Physics in particular doesn't often have closed form solutions, so you're forced to use iterative approximations. Same goes for large matrix operations, which is why you actually have to be very careful with the algorithm you choose and the order of operations.

If you're still not convinced, feel free to try it yourself:

  #include <iostream>
  #include <iomanip>
  #include <cmath>
  #include <tuple>

  // solve ax^2+bx+c=0
  template<typename T> auto
  solve_quadratic(T const& a, T const& b, T const& c) -> std::tuple<T, T> {
    auto t = std::sqrt(b*b - T(4)*a*c);
    return {(-b + t) / (T(2)*a), (-b - t) / (T(2)*a)};
  }

  int main() {
    std::cout << "Expected x1=0.000000075 x2=-200.000000075\n"
    std::cout << "Single precision:\n";
    {
      float a=1.0f, b=200.0f, c=-0.000015f;
      auto [x1, x2] = solve_quadratic<float>(a, b, c);
      std::cout << "x1=" << x1 << ", x2=" << x2 << "\n";
      std::cout << "ax1^2+bx1+c=" << (a*x1*x1 + b*x1 + c) << "\n";
      std::cout << "ax2^2+bx2+c=" << (a*x2*x2 + b*x2 + c) << "\n";
    }
    std::cout << "\nExpected x1=1.000000028975958 x2=1.000000000000000\n";
    std::cout << "Double precision:\n";
    {
      double a=94906265.625, b=-189812534, c=94906268.375;
      auto [x1, x2] = solve_quadratic<double>(a, b, c);
      std::cout << std::setprecision(16);
      std::cout << "x1=" << x1 << ", x2=" << x2 << "\n";
      std::cout << "ax1^2+bx1+c=" << (a*x1*x1 + b*x1 + c) << "\n";
      std::cout << "ax2^2+bx2+c=" << (a*x2*x2 + b*x2 + c) << "\n";
    }
  }
Even 64-bit IEEE floats don't help if you use the standard quadratic formula. Note that you can improve the 32-bit case above significantly by reformulating the solution to

  template<typename T> auto
  solve_quadratic(T const& a, T const& b, T const& c) -> std::tuple<T, T> {
    auto sign_b = b < 0.0 ? -1.0 : 1.0;
    auto t = -b - sign_b*std::sqrt(b*b - T(4)*a*c);
    return {(T(2)*c) / t, t / (T(2)*a)};
  }
This simple change will yield the precise result (within the fp32 precision) for x1 and x2 with a=1, b=200, c=-0.000015 (i.e. the error of ax²+bx+c will be lower than the 9 max significant digits).

However this won't help with the second (64-bit) example, which will still be wrong after the 8th digit (i.e. well within the supposed 12 to 15 significant digits of a 64-bit IEEE float).

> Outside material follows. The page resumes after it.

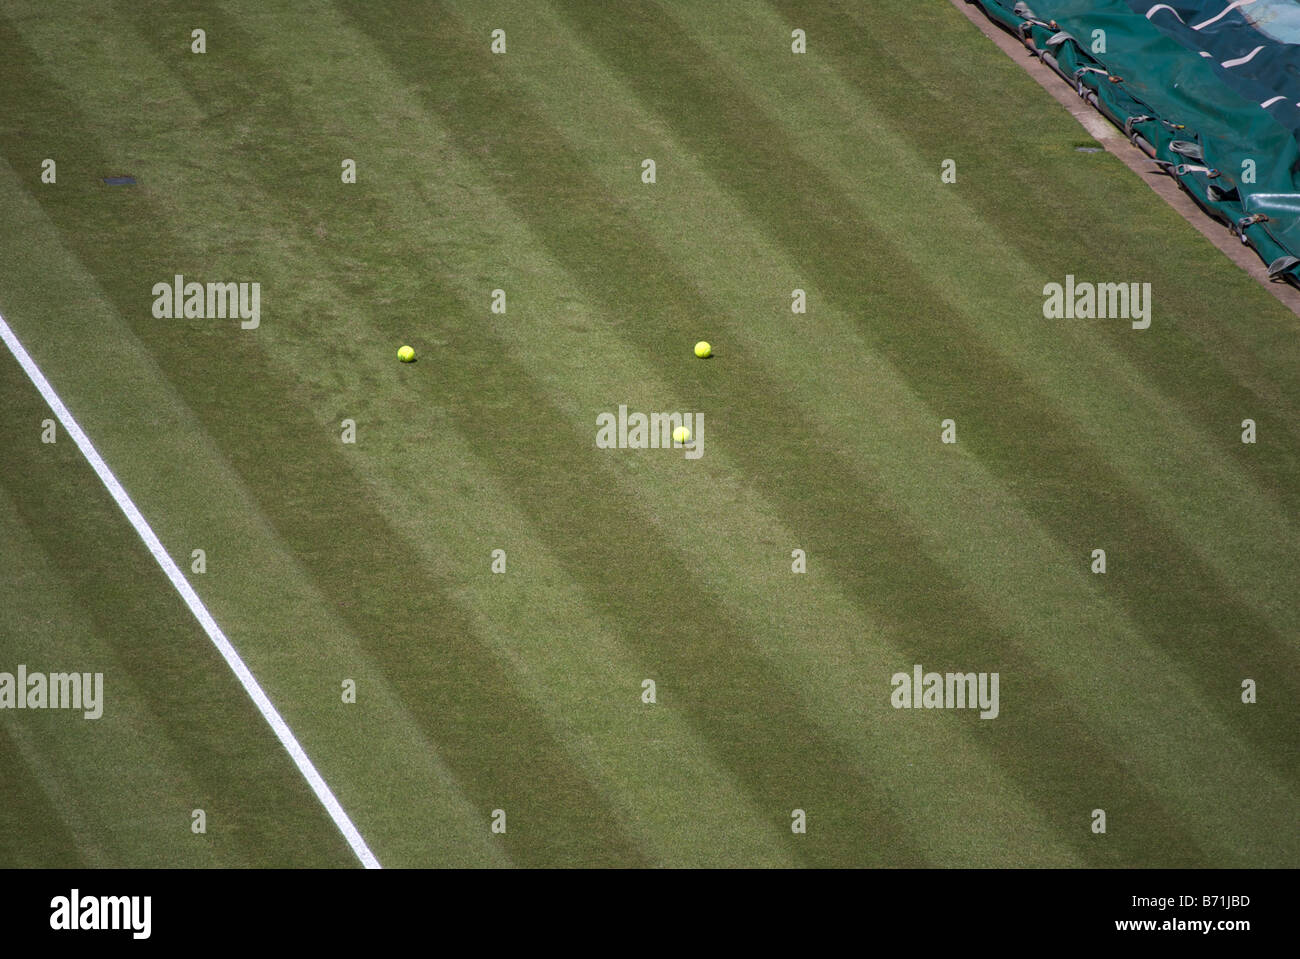 3 tennis balls lay on the grass, waiting for a ball boy to collect them by the side of court number 1, Wimbledon Stock Photo

Also note that in both cases all numbers involved have less significant digits than supported by the respective FP format. Just to give you a little insight on why available bits ≠ precision in floating point maths.

> You really want 128-bit integer. And nVidia isn't delivering that.

How much slower (per unit area) is that to do in software, compared to a full 128-bit hardware unit?

"as of 11.5, CUDA and nvcc support __int128_t in device code when the host compiler supports it (e.g., clang/gcc, but not MSVC). 11.6 added support for debug tools with __int128_t."

See:

https://developer.nvidia.com/blog/cuda-11-6-toolkit-new-rele... https://developer.nvidia.com/blog/implementing-high-precisio...

DRC and LVS are just logical checks right?

“Is the minimal distance between all metal routing > 10 nm” etc.

Can you explain why high precision is needed for that?

Having worked in EDA myself, though not on these final signoff steps, I agree that purely geometry-based checks really don't need doubles. Most of it should just be done as 32-bit fixed point. Both because it's better for performance, and because it drives home the point that you need to think carefully about precision issues for correctness reasons. Using doubles is just a band-aid.

I'm less confident about it when it comes to anything that involves calculating anything electromagnetic because I just don't know that subfield.

Can you explain why you need greater precision/range?